Ruling’s impact. While the D.C. Circuit’s Noel Canning decision held the NLRB lacked a quorum since January 2012, the Third Circuit today found the Board has been without a valid quorum since as far back as August 2011—with the departure of former Board Chair Wilma Liebman—thus calling into question even more agency rulings. As the anti-union National Right to Work Legal Defense Foundation noted, more than 1,500 NLRB decisions may be invalidated as a result of the Third Circuit’s holding.
Specifically, today’s ruling “puts into question most decisions still remaining in the circuit court in which Craig Becker (a March 2010 recess appointee) was a panel member,” noted Jeffrey M. Hirsch, an associate professor at the University of North Carolina School of Law (and contributor to the popular Workplace Prof blog). “The court held that any three-member panel that included Becker was invalid. So any case with Becker, except for the bigger ones that included more than three Board members, would be vacated under this decision. It would kill all decisions with Becker from August 28, 2011, to January 3, 2012, and all three-member decisions with Becker the rest of the time. For cases that were pending before Noel Canning in another court, if I were counsel for an employer, I would wave this argument around.”
“The bigger, near-term issue is, now there is another circuit court that will not uphold any decisions with Members Block or Griffin,” Hirsch said. “Practically speaking, this isn’t that big of a deal because any employer (or union) could bring any Board case to the D.C. Circuit, but for employers with cases before the Third Circuit, they can pursue that avenue of appeal as well.”
Another outcome of today’s decision: “It already knocks the NLRB’s morale a bit lower,” said Hirsch, a former appellate attorney for the agency.
Coincidentally, the ruling was handed down the same day that the Senate HELP Committee was holding a hearing on the full package of current NLRB nominees (including Griffin and Block, who had been prodded by Republicans to resign following Noel Canning). It’s not clear what impact, if any, today’s decision will have on the HELP committee vote, scheduled for next week.
“I don’t think the Block and Griffin nominations were going anywhere anyway,” Hirsch told Employment Law Daily. “This ruling even decreases that chance, no matter their individual qualifications. When the White House nominated the two Republican nominees [Harry I. Johnson and Philip Andrew Miscimarra], I had a slight sliver of hope that there was a deal in the works.
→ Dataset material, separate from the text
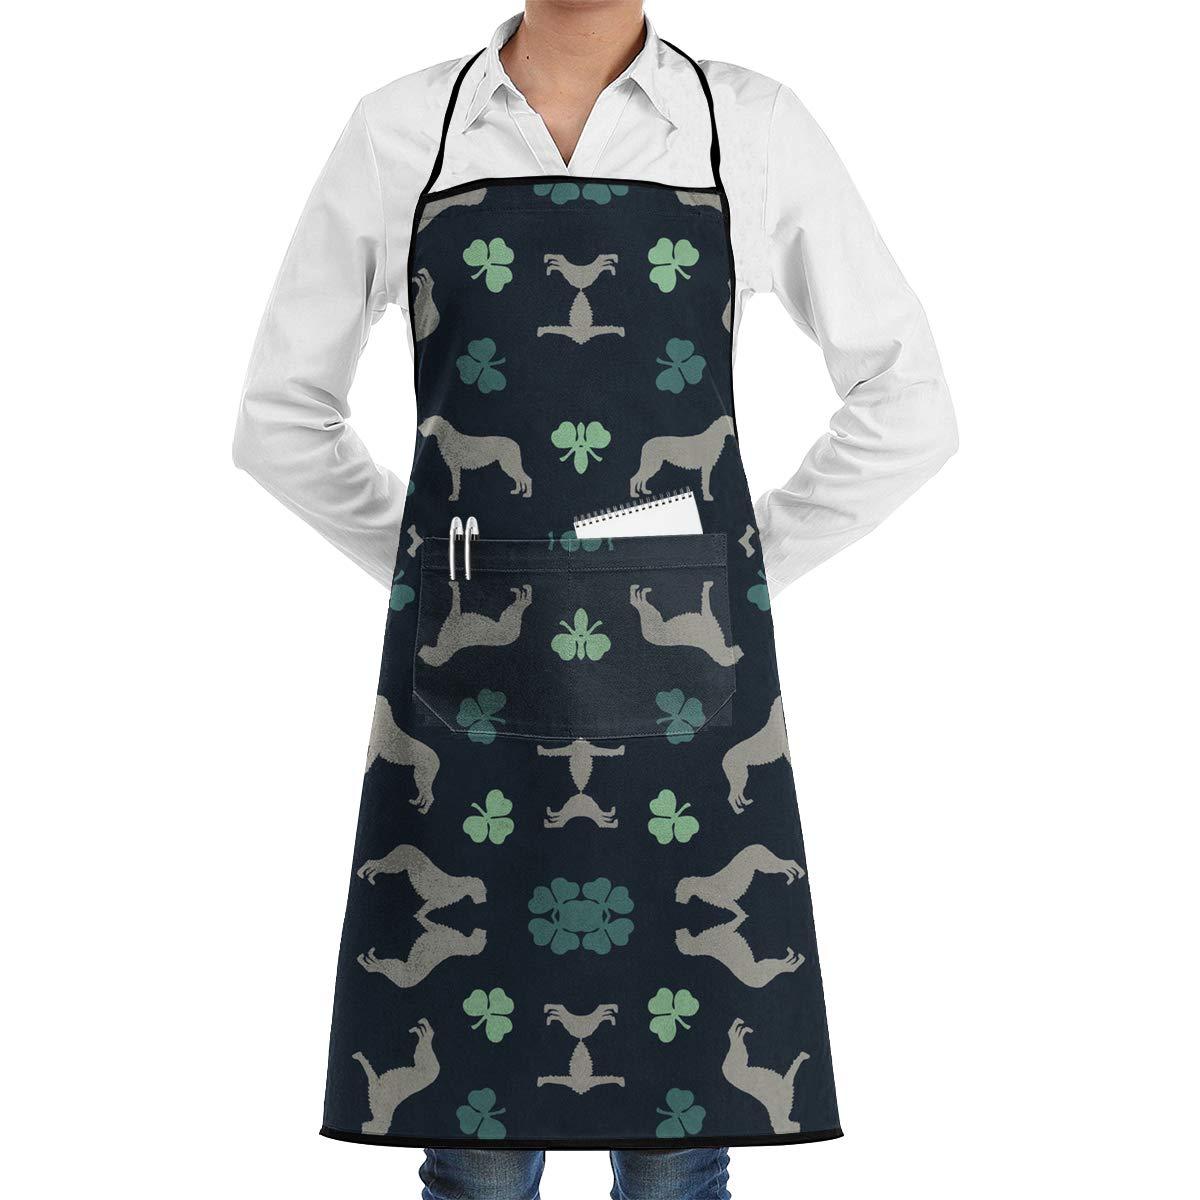 Irish Wolfhounds 調節可能なビブエプロン ポケット付き クッキングキッチンエプロン 料理/ベーキング/キッチン/レストラン/クラフトに   B07HY28Z78

But I have no idea whether that’s true or not.”
Similarly, that the Supreme Court will take up Noel Canning is widely considered a certainty, so it’s not clear that New Vista will affect the High Court’s decision whether to grant cert. “The issue is a pretty big one,” Hirsch notes, adding that with today’s decision, “the highly probable grant of cert has gotten even higher.”
Hirsch, for one, is curious to see how the Supreme Court will rule on the issue. “These courts are flipping 150 years of practice,” he observed. “It’s really kind of startling.”